We don’t yet have the full research on how plastics affect human health, but we know our bodies accumulate plastic. It’s estimated that humans consume a credit card-sized amount of plastic every week.

Plastic bags, in particular, are dangerous for young children who could suffocate when playing with them.

The plastic used for bags contains chemical additives like endocrine disruptors linked to cancer, birth defects, and weakened immune systems in humans and wildlife.

Over 90% of people in the U.S. over age six have traces of Bisphenol A, also known as BPA, a substance found in plastics. BPA stops the body’s natural hormones from functioning, which causes various health disorders.

Many governments subsidize oil, which makes plastic cheap and widely available. But plastic wasn’t used until the 1960s, and single-use plastic bags weren’t available until 1979.

Two prominent U.S. grocery store chains, Kroger and Safeway, didn’t offer them to customers until 1982. They are available in every store to transport your food and goods.

Americans use one plastic bag per day on average. They are seemingly inescapable, yet folks in Denmark only use four per year on average.

What are Easy Alternatives to Plastic Bags?

Since plastic wasn’t largely used until the 1960s, we can look back in time for some plastic alternatives and look at today’s modern inventions for more sustainable substitutes.

Canvas bags made of organic hemp or bamboo are sturdy, sustainable options instead of plastic bags. Because bamboo regrows so quickly, harvesting it does not cause deforestation. Bamboo is also naturally antibacterial.

Hemp is biodegradable and recyclable. Nearly everything made from plastic can be made from hemp. It’s a versatile natural fabric. Hemp is strong, heat-resistant, nontoxic, and removes carbon dioxide from the air, whereas oil production for plastic emits large amounts of carbon dioxide.

Cotton bags work too, but cotton requires a lot of water to be properly manufactured.

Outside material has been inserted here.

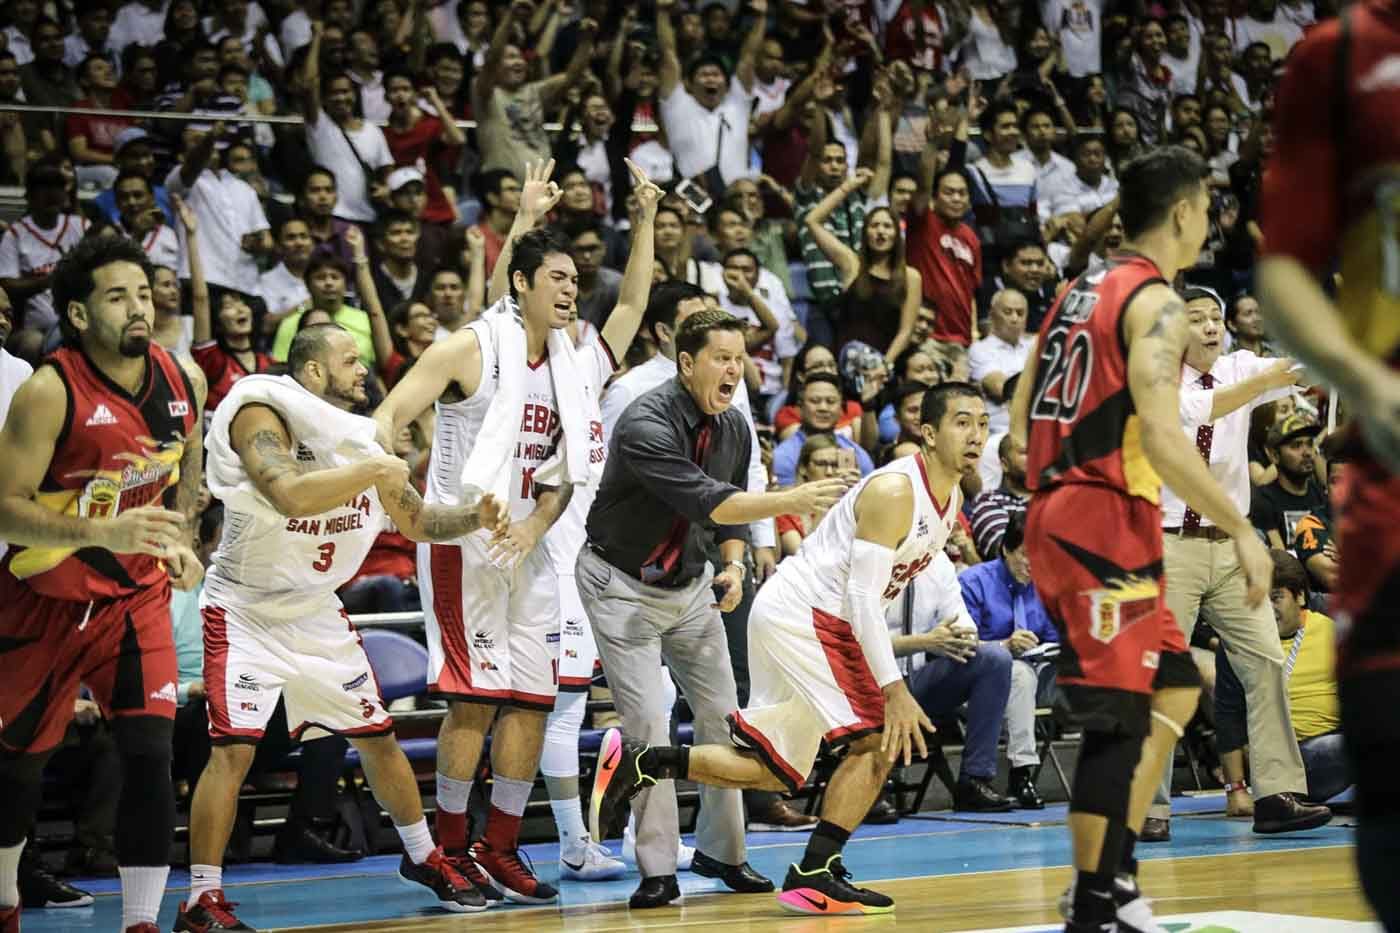 SUPPORT. The bench supporting the players on the court. Photo by Josh Albelda/Rappler

Free tote bags are popular to give away as swag or merch at conferences but don’t accept every free tote bag offered to you. A few canvas bags are all you need.

If you sense them piling up in your home and you don’t use them, donate them to friends and family who need to break their plastic bag habit.

Many reusable bags are made from recycled plastic. They are sturdier than regular plastic bags, but if you aim to go plastic-free, consider a different alternative.

If you want to go old-school, you can use cardboard boxes to transport your food and goods.

Cardboard boxes are easily repurposed and once flattened, acceptable in curbside recycling (as long as they don’t get wet or contaminated).

What Can I Do with Old Plastic Bags?

Plastic bags can be reused for anything if you wash and dry them. Since they are water-resistant, having a few on hand in emergencies is not a bad idea. You can also use them as:

  • A way to pick up pet waste
  • A transportable trash receptacle in the car
  • Use it for storage
  • Liner for drawers or trash cans
  • Stuffing for packages instead of purchasing bubble wrap

Final Thoughts on Can You Recycle Plastic Bags

In 2015, over 87% of plastic bags, sacks, and wraps were never recycled. That is probably caused in part by a lack of public knowledge about where and how to recycle them. It’s unclear what kinds of plastics you can put in curbside recycling.

But now you know that collection bins outside many chain stores such as Target, Walmart, and Whole Foods accept plastic bags of various kinds.

If you want to go plastic-free, there are sustainable alternatives for carrying your groceries and other items. And there are ways to reuse and repurpose your old plastic bags without putting them in a landfill.

Remember, any questions about your locality’s rules and regulations about using and recycling bags are best directed to your local recycling center.